# Giant Hornets



## wayacoyote (Nov 3, 2003)

I'm watching National Geographic, and it was just showing a wasp which they called the "giant hornet". They discribed its predation on beehives: It starts off decapitating the workers at the hive entrance. It is immune to their stings. "Before long, no honeybees remain alive." It then enters the hive to gorge on the honey. Afterwards, it starts stealing the HB's brood to feed to its own.

Googling, I found one species, the Asian or Japanese Giant Hornet (Vespa mandarinia Smith, 1852) carries this reputation and is reputed to be a great hassle to Japanese Beeks. The European Giant Hornet (Vespa crabro) was first reported in the U.S. in 1840 New York. In my breif look, I didn't see that it carries the same report with Beeks as the Japanese one does, and I didn't see a report that the Japanese one lives in the U.S...

Anyone with more knowledge on the insect(s)?
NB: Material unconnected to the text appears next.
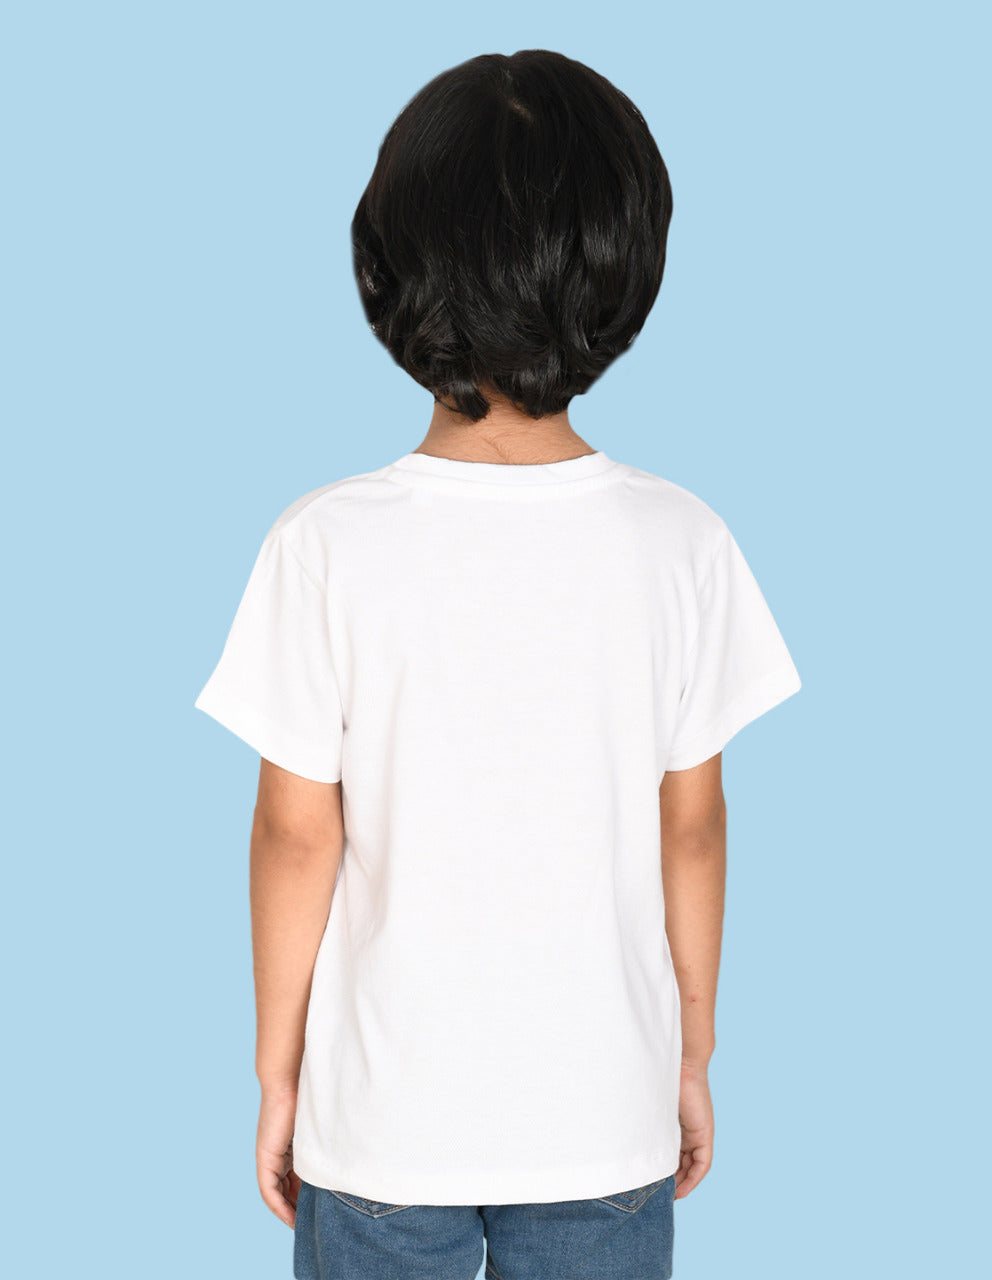 Nusyl Smile Printed White Biowashed Cotton Half  T-shirt T-shirt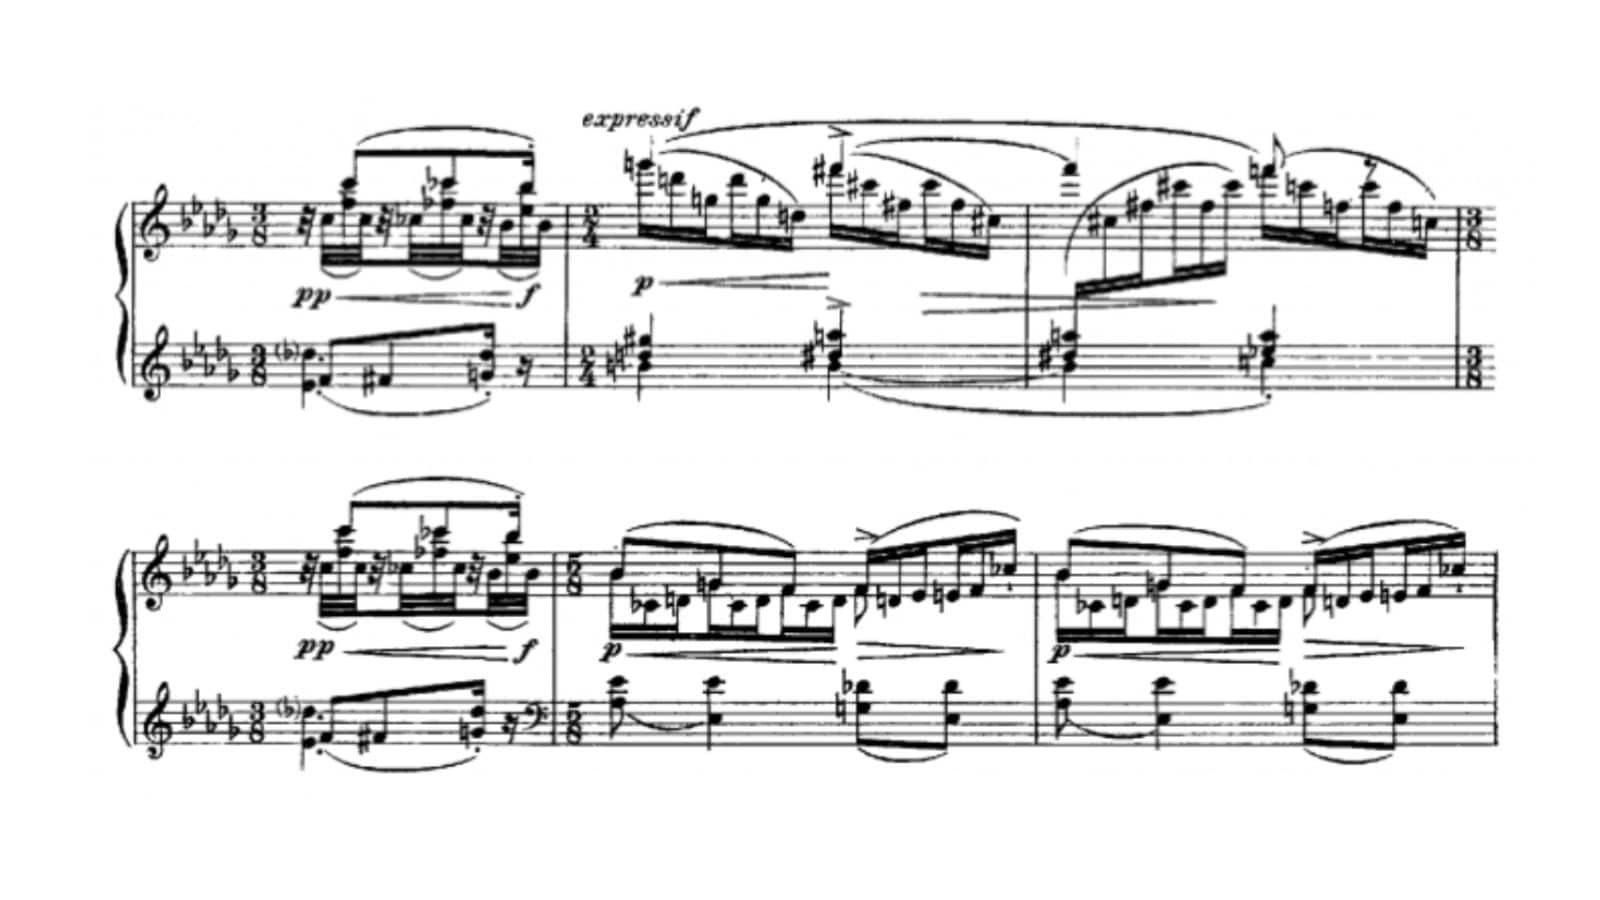 Maurice Ravel's Noctuelles

I would dig deeper myself, but haven't come across it in local beekeeping yet. 

Waya


----------



## Antero (Jan 9, 2005)

HORNETS FROM HELL 
Broadband: 
http://www.olympus.co.jp/en/magazine/pursuit/feature_article/jan2003/movie_mp_b.cfm 

Terry


----------



## George Fergusson (May 19, 2005)

I watched that video and had nightmares.


----------



## GaSteve (Apr 28, 2004)

Anyone who keeps bees will definitely need therapy after watching it.

But what this clip doesn't show that the National Geographic special does is the native Japanese honeybees have developed a rather ingenious defense mechanism.

When a giant hornet scout approaches the honeybee hive, they wait until the scout is through the entrance then they almost instantly surround the scout with a baseball size cluster and start raising the temperature until the scout is roasted alive. Apparently the temperature required to kill the scout is only about 2-3 degrees less than what's needed to kill the honeybees

Fascinating stuff.


----------



## FordGuy (Jul 10, 2005)

i thought balling the hornet was amazing!!!! I still shake my head in wonder.


----------



## Kieck (Dec 2, 2005)

The video is amazing. Japanese hornets are not found in the U.S., and even the European hornet (Vespa crabro) isn't widespread in the U.S. Beekeepers wouldn't be put out of business by these insects, anyway. These attacks are on individual hives. Think of the damage a bear can do to a hive, yet many people still keep bees even in areas with high bear populations.


----------



## TwT (Aug 5, 2004)

here's some new studies on how the bee's kill the hornet with heat called balling.....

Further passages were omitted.